Another has it that a woman settler was separated from her wagon train and wandered into these peaks. People thought that she couldn’t survive without going mad, so the range was dubbed the “Crazy Woman Mountains.”

Others claimed it was because they popped up in the middle of nowhere or because of the convoluted geologic formations found there. Take your pick.

The Crazies are significant to Native American culture. In 1847, Chief Plenty Coup, a great chief of the Crow Nation, climbed Crazy Peak to seek a vision so he might properly lead and guide his people.
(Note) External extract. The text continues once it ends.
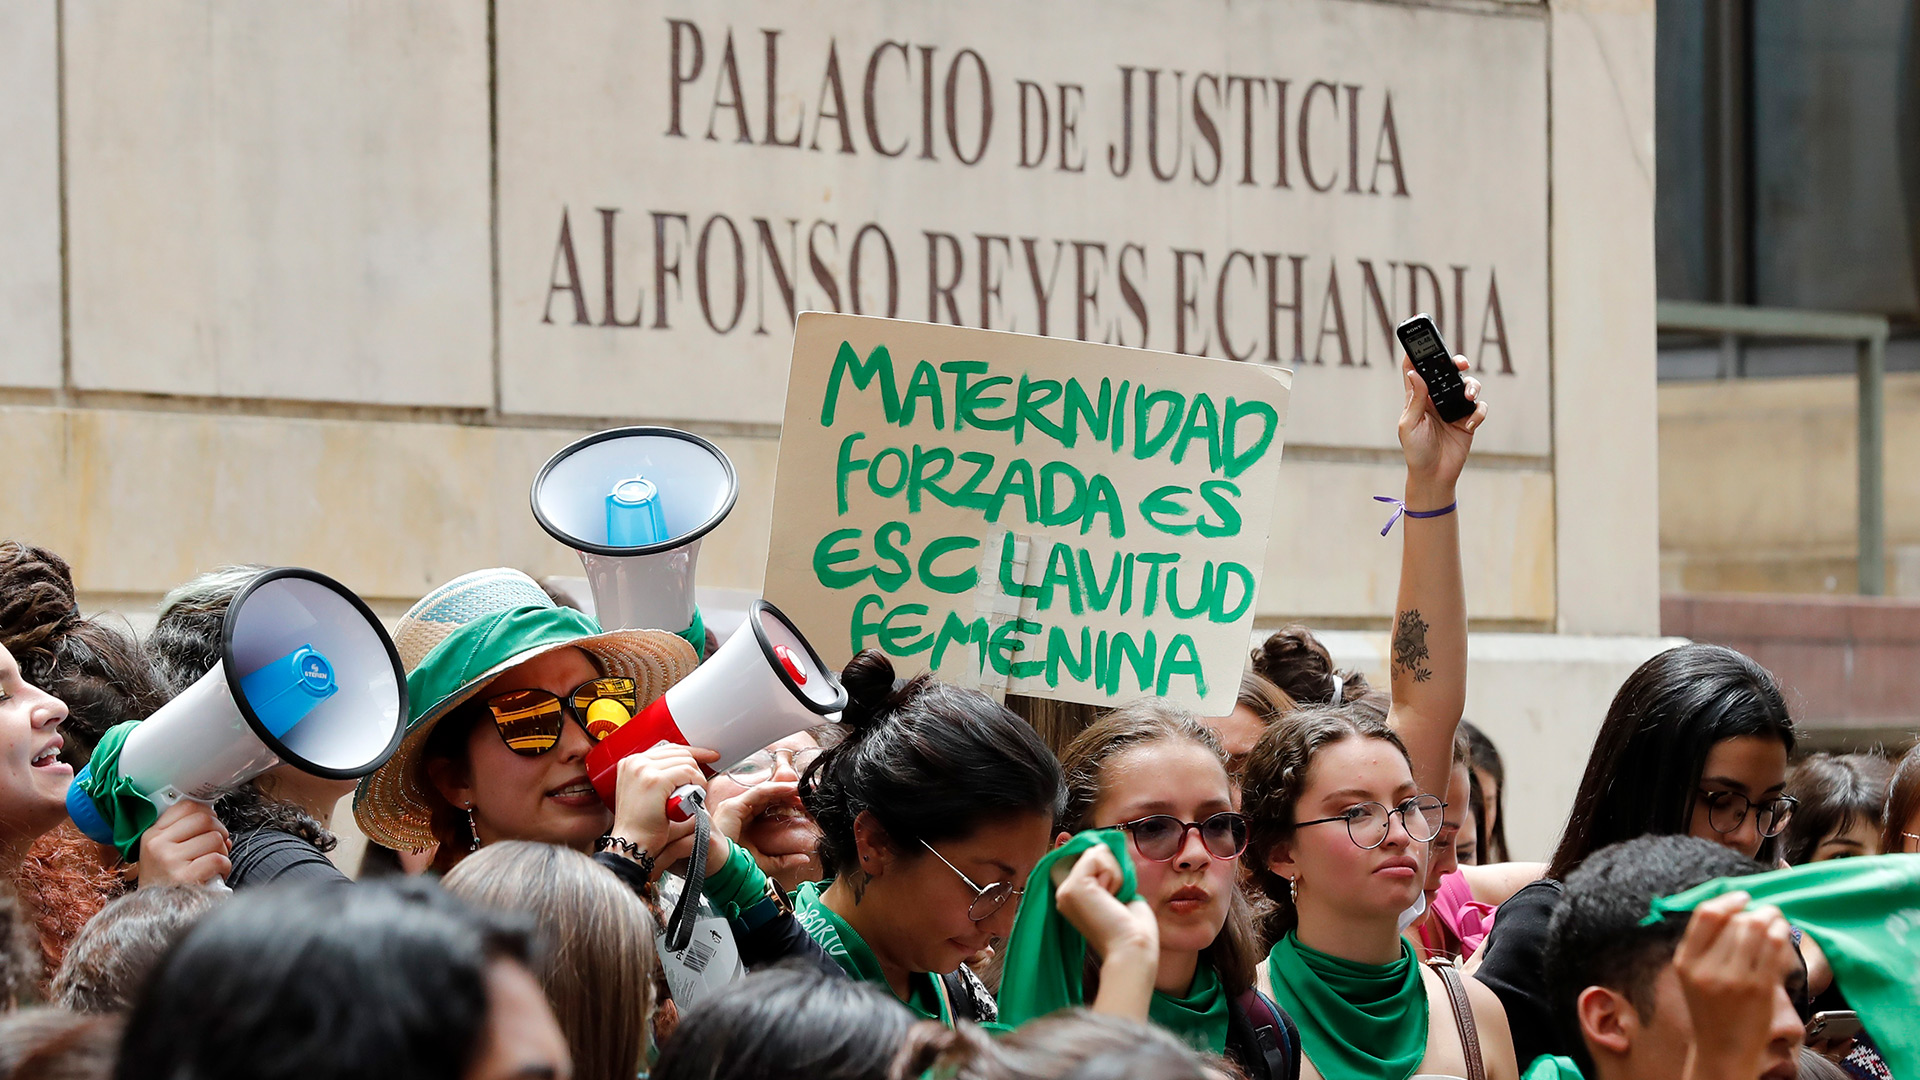 AME116. BOGOTÁ (COLOMBIA), 02/03/2020.- Personas en favor del aborto legal se manifiestan este lunes frente a la Corte Constitucional, que discute su despenalización total en Bogotá (Colombia). EFE/Mauricio Dueñas Castañeda

Although they do not enjoy the lasting protection that wilderness status would give them, the extremely rough terrain and the attitude of local ranchers — and lately of the Forest Service — has kept this country pristine and relatively free of roads.

Checkerboard ownership places a good portion of the landscape in private hands, including favorite climbing places such as Conical, Granite and Crazy peaks and Rock Lake. Some owners will give permission to enter, but most will not allow motorized use of this wild country — oot and horse travel only. The same goes for much of the public land.                                                       

There isn’t an access shortage, as most of the footpaths traverse Gallatin National Forest ground. One of the most popular routes into the Crazies is reached from Highway 191 between Big Timber and Harlowton via Big Timber Canyon.

Beginning at Half Moon Campground, the trail climbs to the high areas around Conical Peak and the Twin Lakes area and then crosses a pass before lowering to Sweetgrass Creek and another trailhead.

Tracks also lead to the west side of the range from Wilsall and Clyde Park. There are about 66 miles of horse and walking byways within the Crazy Mountains.

Rick and Susie Graetz work at the University of Montana’s Department of Geography.